Reviewed or updated February 12, 2013
Here are the key changes in the rules for averaging that took effect in 2012.
When Congress changed the law to require brokers and mutual fund companies to report cost basis and holding period when shares are sold, the Treasury decided to completely revamp the rules for averaging — that is, using the average basis of shares bought at different times and different prices, rather than using the separate basis of each individual lot of shares.

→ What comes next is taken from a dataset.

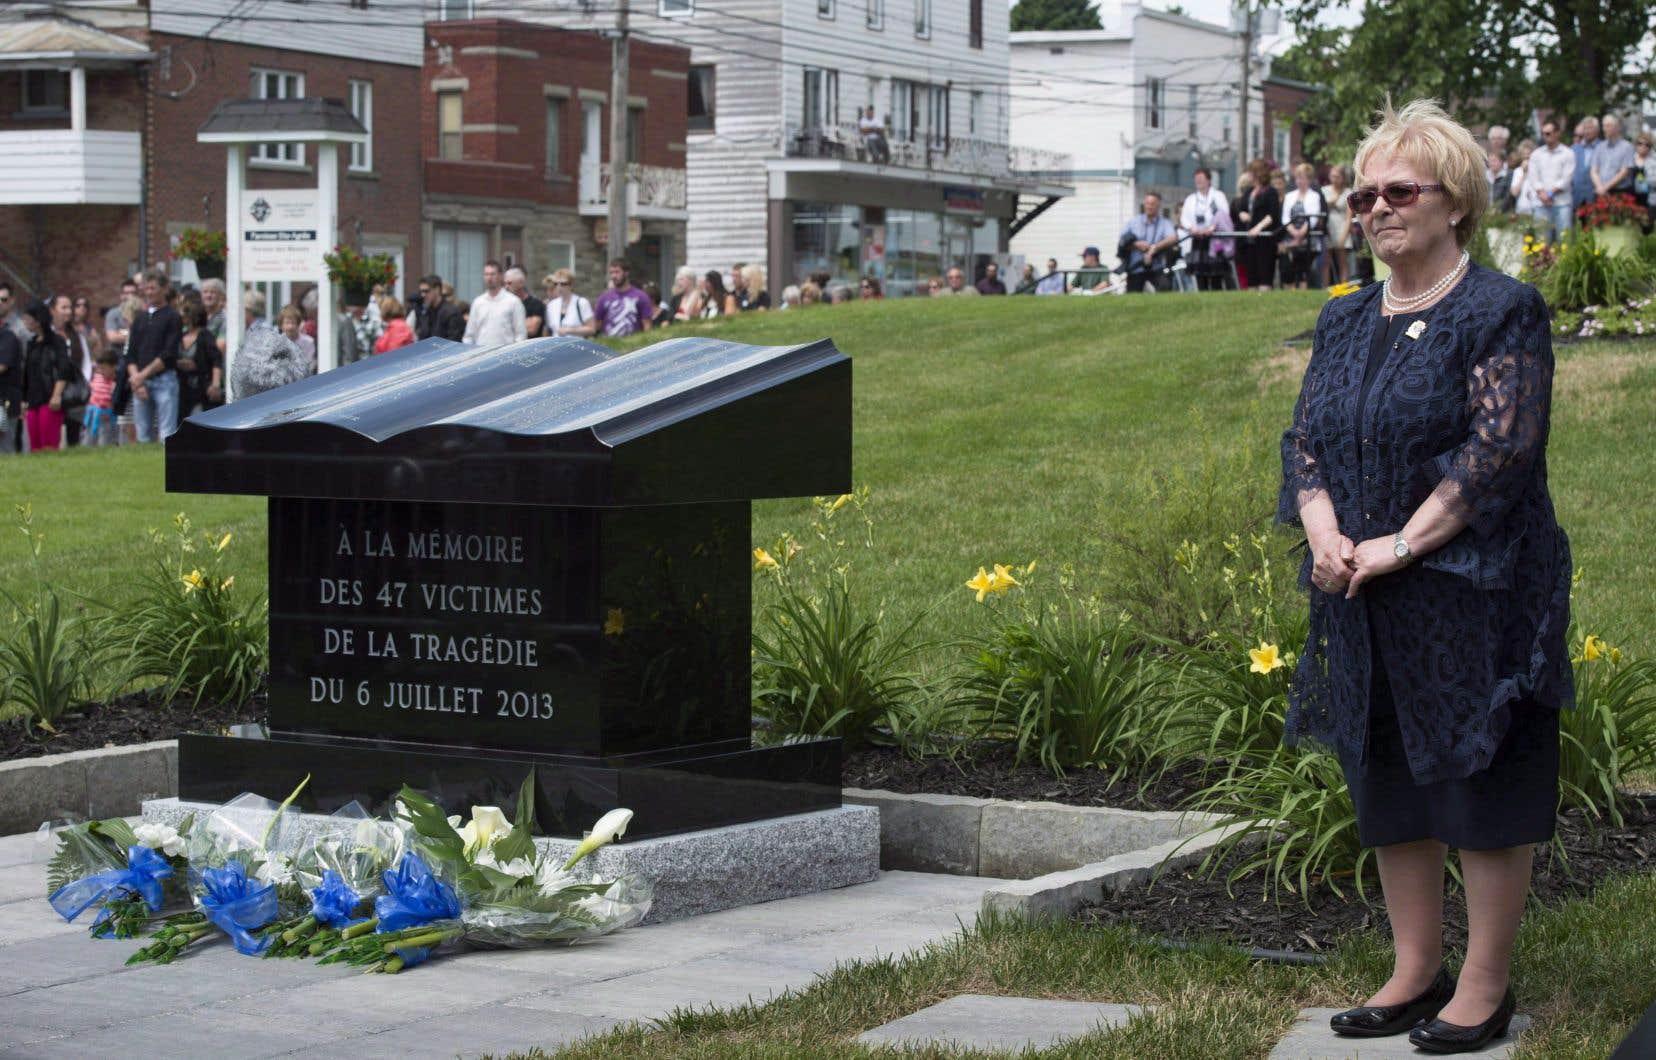 L'ancienne mairesse Lac-Mégantic,Colette Roy Laroche, lors des commémoration de 2014.

Here are seven ways the rules have changed.
- Old: Averaging was available only for mutual fund shares.
- New: Averaging is available also for regular stocks if held in a dividend reinvestment plan (“DRIP”).
Need for election
- Old: You had to elect averaging if you wanted to use it.
- New: Your broker or mutual fund company may use averaging as the default method, and in this case the average basis method will apply unless you elect not to use it.
Method of electing
- Old: You elected averaging by attaching a statement to your tax return.
- New: For newer, covered shares, you notify your broker or mutual fund company when you elect averaging. (For older, noncovered shares, you elect averaging on your return as under prior rules.)
- Old: The regulations permitted a method called double-category averaging.
- New: The rarely-used double-category method has been eliminated.
- Old: The method used by most investors was called single category averaging.
- New: It’s now called the average basis method.
Scope of averaging election
- Old: Your averaging election applied to all shares of that mutual fund, even if held in different accounts.
- New: An averaging election applies only within one account — and a single investment account is treated as two separate accounts for purposes of this rule if it holds both noncovered and covered shares.
Termination of averaging election
- Old: Once you elected an averaging method, you had to continue using it for as long as you held shares in that mutual fund.
- New: You can terminate use of the average basis method at any time, even in the middle of a year, and in some situations you can retroactively revoke an averaging election.